Oracle’s fix to this potential problem, however, is also hinted at in the article you linked to: “Innodb does not log full pages to the log files”. That’s an interesting sentence because , you see, Oracle does write full pages to the logs! I should immediately qualify that: it only does so when you take a “hot backup” using O/S copy commands -because it’s only then that you have to worry about the problem. In other words, you only have to worry about the fact that you can only apply redo to an internally consistent database block if you’re actually in the business of applying redo… and you’re only doing that in the event of a recovery. And complete recoveries in Oracle (as opposed to mere crash recoveries) require you to have restored something from backup. So, it’s only during the backup process that you only have to worry about the problem of fractured blocks -and so it’s only then that Oracle says, ‘if you have put the tablespace into hot backup mode (alter tablespace X begin backup), then the first time a block of data is changed, the entire block should be written in a consistent state into the redo (transaction) logs. Then, if the datafile copy of the block in the backup turns out to be fractured, we’ve got a known good copy in the redo we can restore in its place. And once you have a clean block as a starting point, you can continue to apply redo from that point on’.

Oracle has an alternative (and more up to date) mechanism for achieving this “I know your data block is clean” starting state, though. It’s called RMAN -the Oracle backup and recovery tool. Unlike your OS copy command, it’s an Oracle utility… so it understands the concept of Oracle blocks, and it can therefore check that a block that’s been copied has been copied consistently, with all its constituent OS ‘pages’ written coherently to disk in the same state. It knows how to compare input and output in a way no OS command could ever hope to do. So when RMAN copies a data block hot, it reads the copy, compares it with the original -and if it sees the copy is fractured, it just has another go copying the block again. Repeat until the copy is indeed verified as a good copy of the original. No need to write the block into the transaction log at all, because you know that the backup file itself contains the necessary clean block copy.
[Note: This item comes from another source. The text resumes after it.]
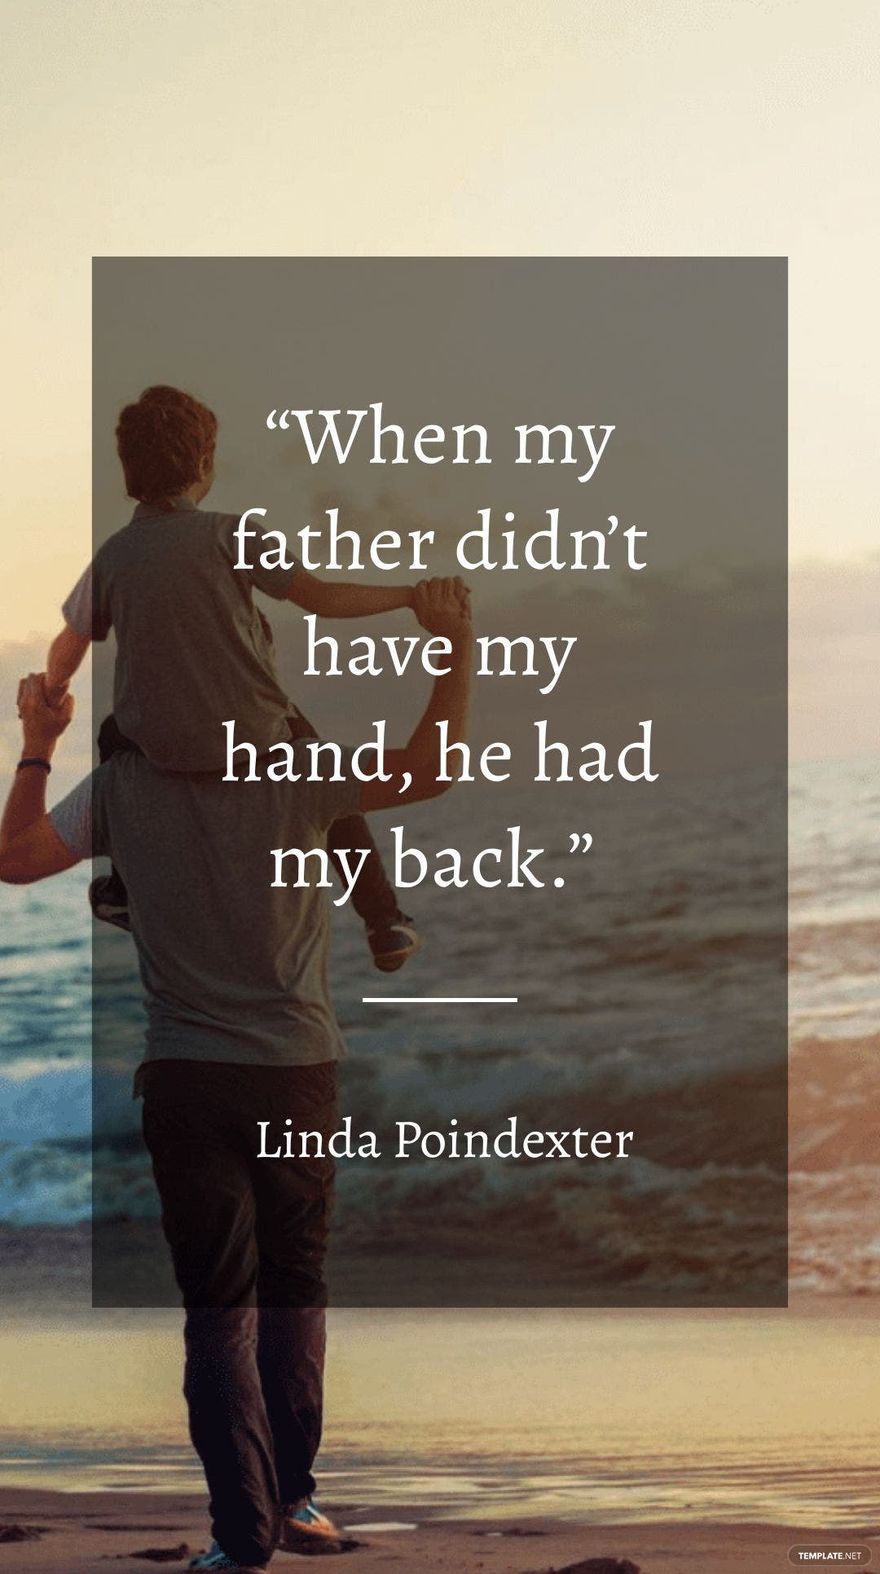 Free Linda Poindexter - When my father didn’t have my hand, he had my back. in JPG

So, putting that into practice. Let’s say your server corrupts data on the disk for whatever reason and, in the process, your Oracle instance dies. You try and restart Oracle, but you get told that recovery is needed (you might get a message that file 16, for example, can’t be read). So you restore file 16 from your hot backup taken with OS commands. In that backup, one of the blocks is fractured, because only part of the Oracle block had hit disk at the point the backup was performed. So you restore a fractured block. But that’s not a problem, because as redo is replayed, you’ll find the clean copy of the block in the redo stream, and restore that over the top of the fractured block. The rest of the redo can then be replayed without a problem. Or, you restore file 16 using RMAN… and what it restores cannot be fractured, because it checks for that before it reports the original backup a success. Therefore, you restore a clean copy of file 16, and can apply redo to it without drama. Either way, you get your database recovered.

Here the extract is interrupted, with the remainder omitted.